• COLLECTED DATA
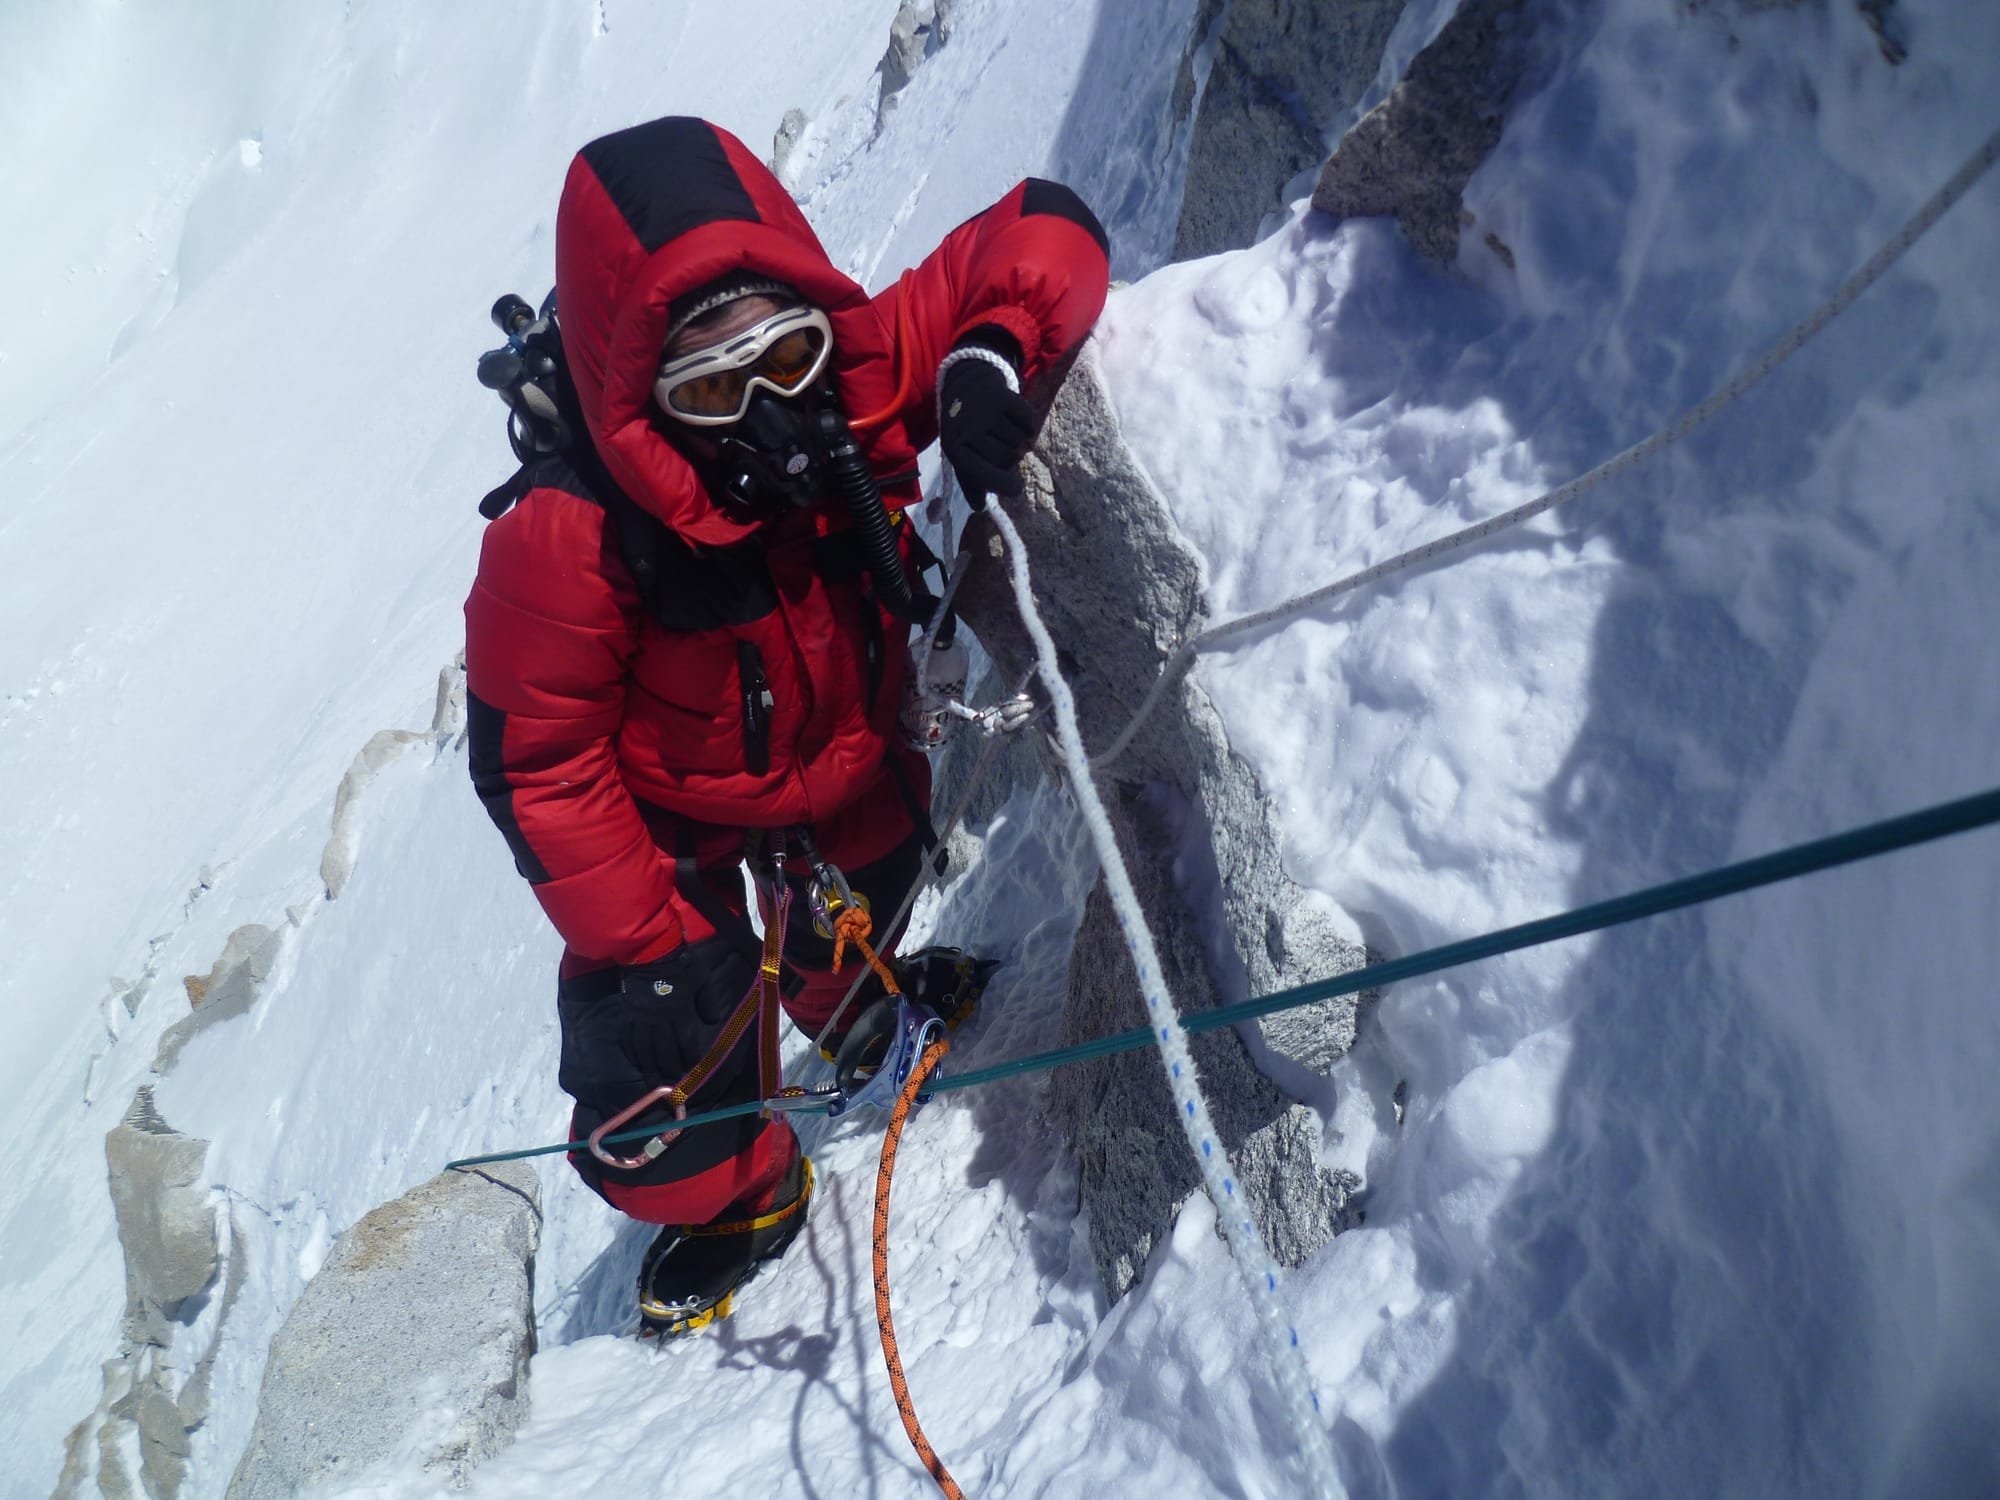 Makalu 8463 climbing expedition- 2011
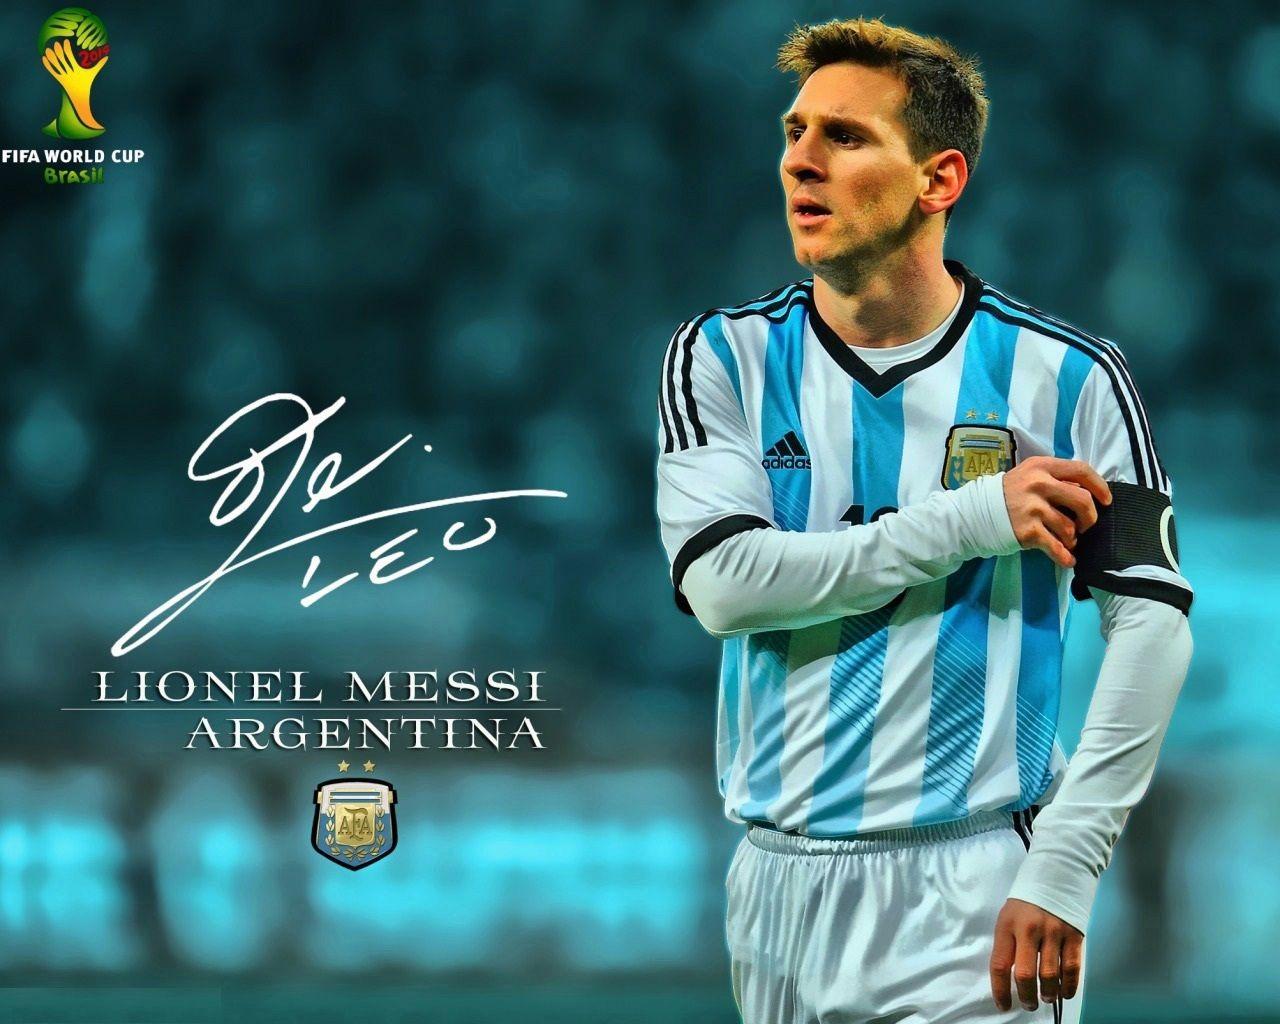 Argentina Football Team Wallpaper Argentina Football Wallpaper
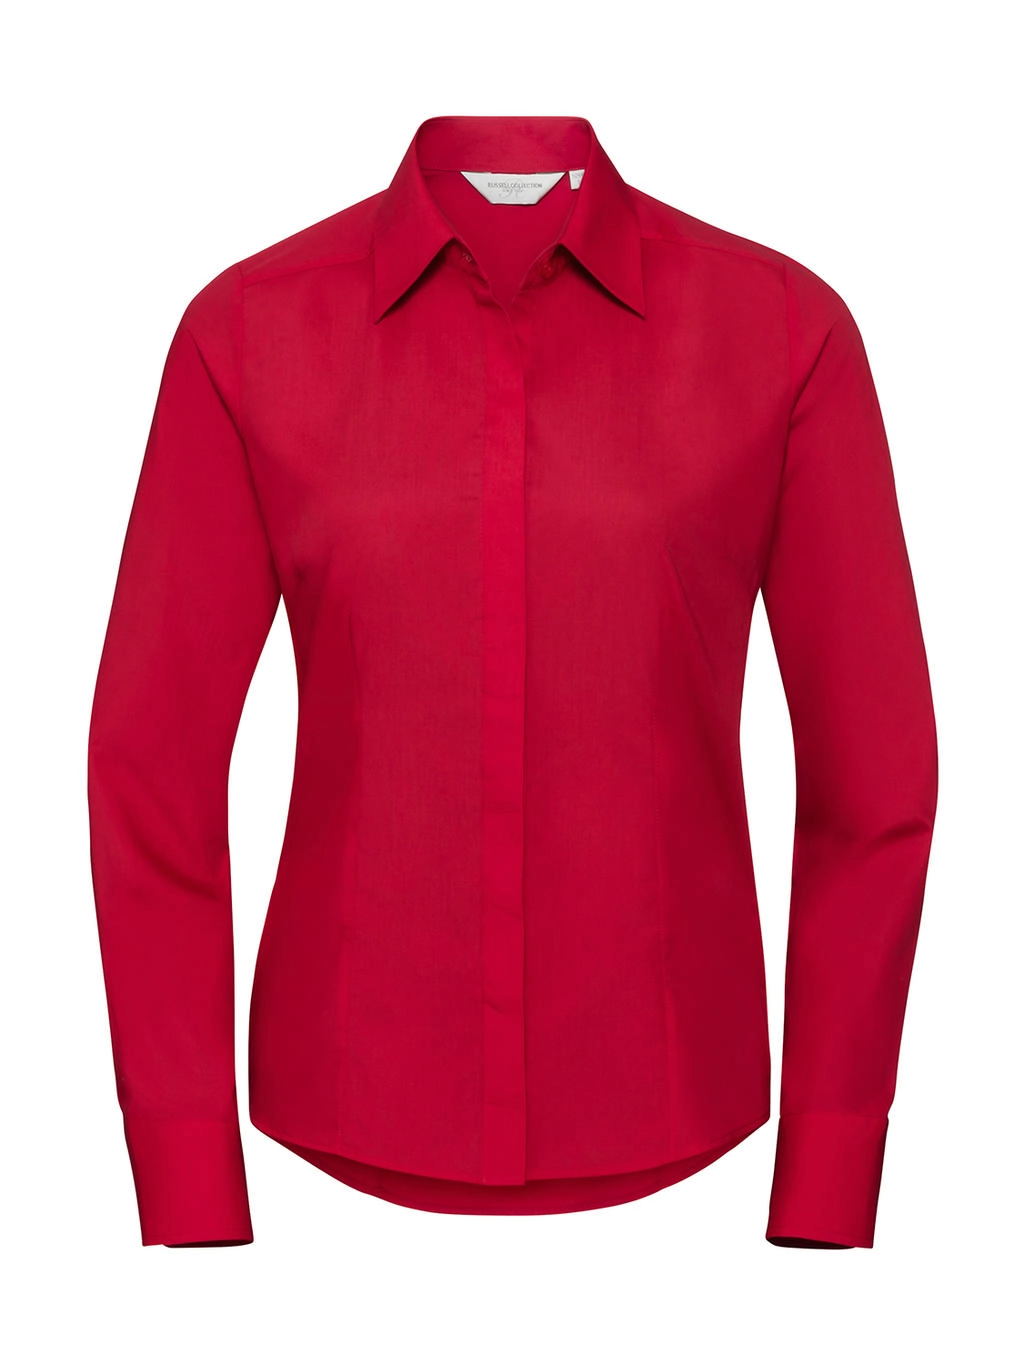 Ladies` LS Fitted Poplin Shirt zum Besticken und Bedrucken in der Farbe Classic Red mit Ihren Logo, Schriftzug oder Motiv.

• ACTION ITEM
Exclude the pictures. Write out the remaining data exactly.

• EXPECTED ANSWER
 Makalu 8463 climbing expedition- 2011
 Argentina Football Team Wallpaper Argentina Football Wallpaper
 Ladies` LS Fitted Poplin Shirt zum Besticken und Bedrucken in der Farbe Classic Red mit Ihren Logo, Schriftzug oder Motiv.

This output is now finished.